Alors que les températures exceptionnelles de la semaine dernière nous rappellent plus que jamais l’urgente nécessité de la transition bas-carbone et sur fond de guerre en Ukraine couplée à une hausse des prix de l’énergie, les quelques 650 experts à l’origine du Rapport sur la situation mondiale des énergies renouvelables 2022 dressent le constat amer d’une occasion ratée. "Alors qu’en 2021 les gouvernements ont été de plus en plus nombreux à s’engager à atteindre la neutralité carbone, la réalité est que, en réponse à la crise, de nombreux pays recommencent à développer de nouvelles sources de combustibles fossiles, et à en brûler davantage", regrette la directrice exécutive de REN21, Rana Adib.

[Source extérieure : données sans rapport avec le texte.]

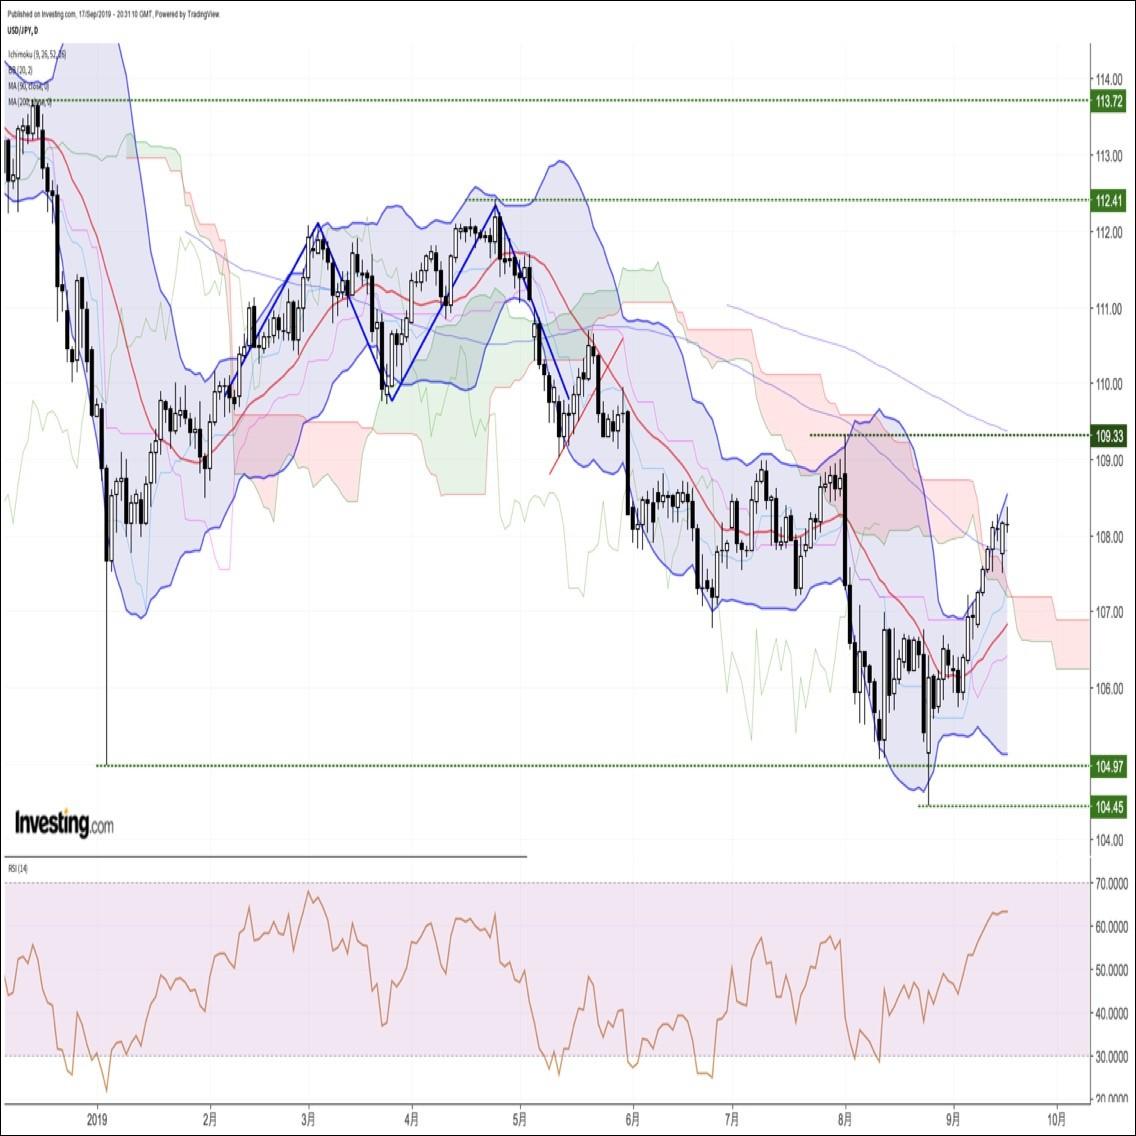 ドル円、高値更新も米FOMC(連邦公開市場委員会)を前に伸び悩む展開(9/18朝)

Avec la reprise économique mondiale, la demande d’énergie est repartie à la hausse, en progression de 4 % en 2021, largement satisfaite par le charbon et le gaz naturel. Ce choix a logiquement entraîné des émissions records de dioxyde de carbone, en hausse de 6 % soit plus de 2 milliards de tonnes de CO2. Et même si cette année la Chine est devenue le premier pays à dépasser le térawatt de capacité de production d’énergie renouvelable, d’importantes sommes ont également continué à être investies dans les combustibles fossiles.

 

Les transports, mauvais élève de la transition écologique

 

Malgré les perturbations de la chaîne d’approvisionnement, les retards de livraison et la flambée des prix des composants, des efforts importants ont été effectués dans le secteur de l’électricité, où la part du renouvelable atteint 28,3 %, un chiffre similaire à celui de 2020 (28,5 %) mais en hausse par rapport à 2011 (20,4 %). Ce résultat demeure tout de même loin du déploiement nécessaire pour maintenir le cap des émissions nettes nulles de CO2 d'ici à 2050.

À l’inverse, la part des énergies vertes pour le chauffage a quasiment stagné en une décennie, représentant 11,2 % de la consommation finale. Plus alarmant encore, le secteur des transports reste celui où la part d'utilisation des énergies renouvelables est la plus faible, atteignant péniblement les 3,7 %.

"Les énergies renouvelables sont la meilleure option, et la plus abordable, pour contrôler la volatilité des prix. Nous devons augmenter la part des énergies renouvelables et en faire une priorité des politiques économiques et industrielles. On n'éteint pas un incendie avec un lance-flammes", lance Rana Abid.